A Single Front-End For EDC and Randomization
Full integration between EDC and IRT system
In a double-blind randomized placebo-controlled Phase II study, IDDI set up a complete integration between its EDC system (ID-base™ powered by XClinical) and its IRT system (ID-net). This was a single front-end for the site. Full integration means that the randomization is performed by the site using the EDC system, which calls in the background ID-net randomization web services to perform randomization and treatment allocation. The investigator could therefore randomize patients directly from the EDC system without using the randomization system (ID-net).
In this study, a huge number of subjects had to be screened to ensure a total of 200 fully eligible subjects for treatment. IDDI decided to set up two instances in the EDC system, one for the automatic upload of the data coming from the pre-screened subjects and the other instance for the data collection of the eligible and randomized subjects. This particular set up meant a huge save of time in the study conduct.
Independent Analyses To Inform Go/No-go Decisions
Our client in this case was an investment organization specialized in biotechnology companies, and they required an urgent analysis of clinical data that would be presented on the following week to key decision-makers in the acquisition of a new biotechnology product. The manufacturer of the product had conducted a phase III trial and published the results, but the contract research organization that performed the original statistical analysis was no longer able to provide support to our client. Moreover, there was a need to verify the original results, given the fact that they were negative in the overall trial population, but provided signals of activity in subgroups. By repeating the analysis in only six days and questioning some of the original results presented by the manufacturer in their publication, IDDI was able to better inform their decision-making process.
Clinical Validity Of Circulating Tumor Cells (CTC)
Assessment of Clinical Validity of Circulating Tumor Cells (CTC) Quantification
Clinical Validity Of Circulating Tumor Cells (CTC) In Patients With Metastatic Breast Cancer: A Pooled Analysis of Individual Patient Data
The purpose was to assess the clinical validity of circulating tumor cells (CTC) quantification for prognostication of patients with metastatic breast cancer by undertaking a pooled analysis of individual patient data. IDDI performed this statistical analysis.
These data confirmed the independent prognostic effect of CTC count on progression-free survival and overall survival. This is the first study to show that CTC count also improves the prognostication of metastatic breast cancer when added to full clinicopathological predictive models, whereas serum tumour markers do not.
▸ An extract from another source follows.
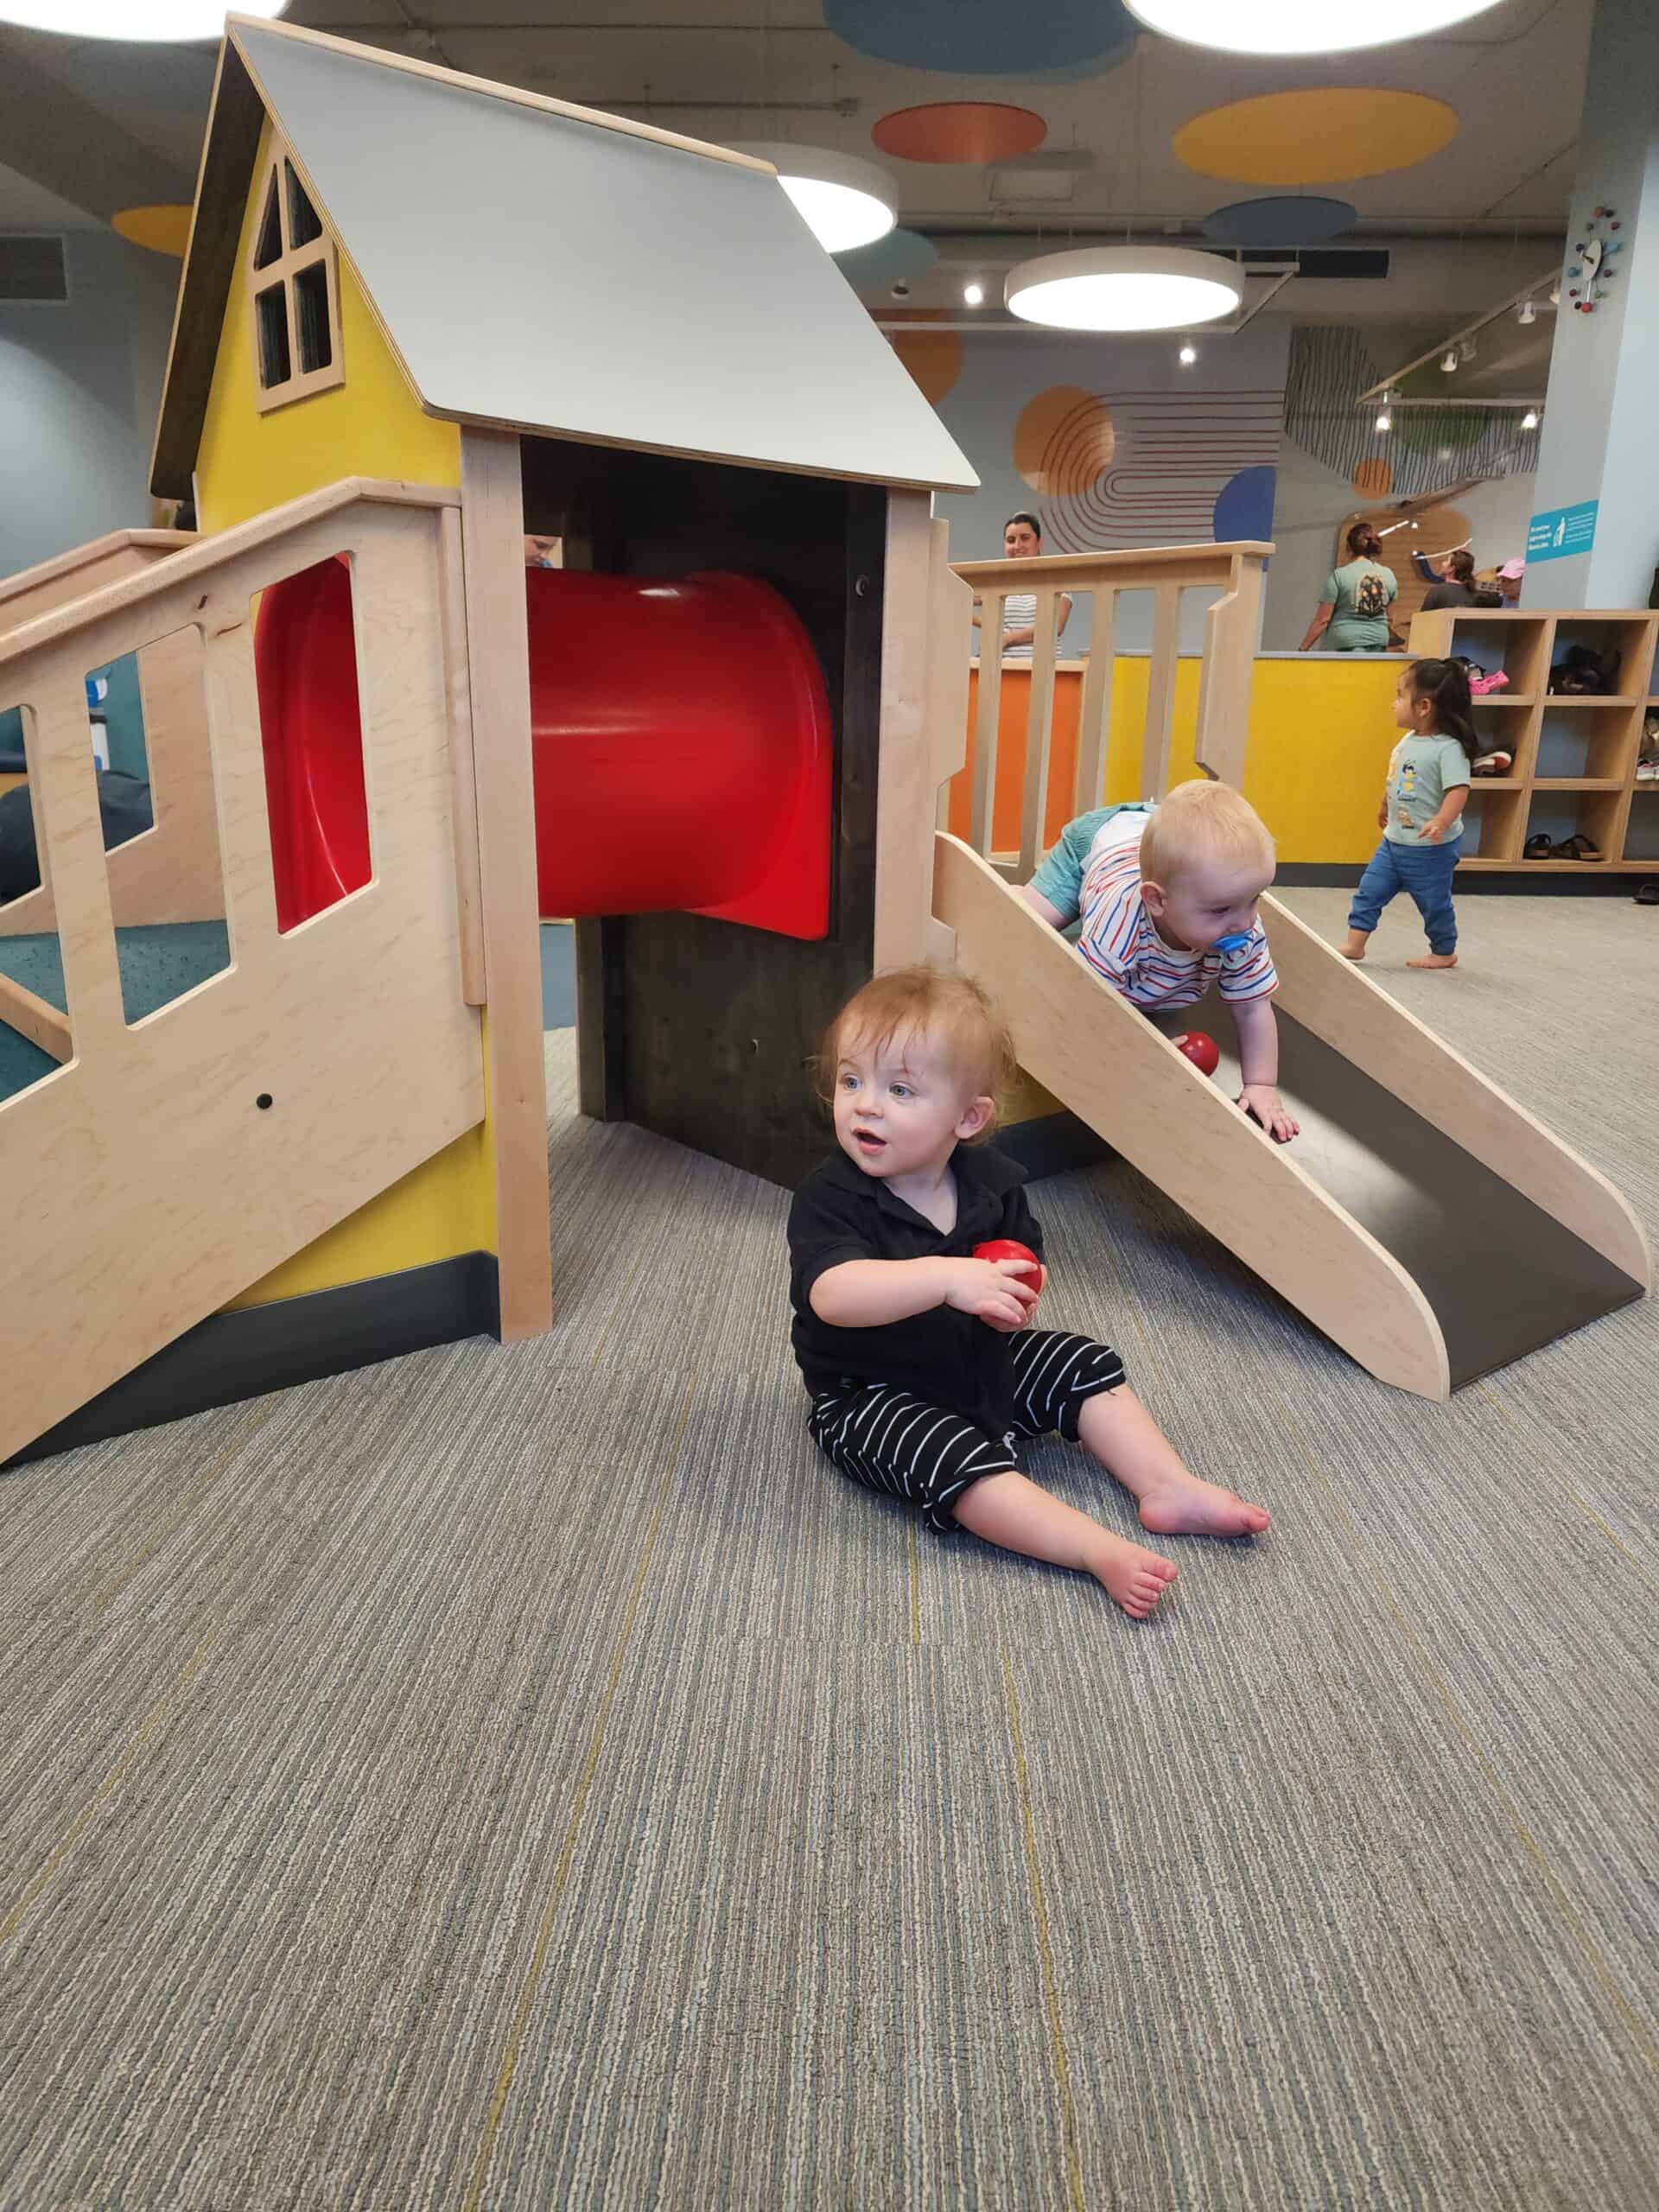 Toddlers enjoy playtime in a cheerful indoor play area, featuring a wooden playhouse with a red slide and a ramp, creating a lively and safe environment for young children to explore and interact

A Double Masked Minimization in Ophthalmology Study
Phase II study conducted with a dose-escalation minimization
A phase II ophthalmology study was conducted with a dose-escalation minimization to evaluate the safety, tolerability and efficacy of a treatment in reduction of intraocular pressure in subjects with ocular hypertension or primary open-angle Glaucoma. Double Masked Minimization in Ophthalmology Study: first the kits were randomized to eye (OD or OS) and then the randomization system (ID-net) performed a stratified minimization on treatment (active or placebo). The dose escalation was managed by using different cohorts automatically closed by the system once the number of expected patients was reached. Our randomization system is flexible and can adapt to studies with a very complex design. It is supported by a 24/7 Help Desk which allows an optimal interaction with Sponsors and Sites during the study.
Developing New Biomarkers And Diagnostic Tests
Biostatistical Expertise For Developing New Biomarkers And Diagnostic Tests
IDDI has a long-term collaboration with a Sponsor to provide biostatistical expertise for developing new biomarkers and diagnostic tests based on Sponsor’s proprietary micro-array technology and to perform statistical analyses of clinical studies of diagnostic tests, using the “Nearest Centroïd Prediction Rule”and the “Leave-One-Out Cross-Validation” method.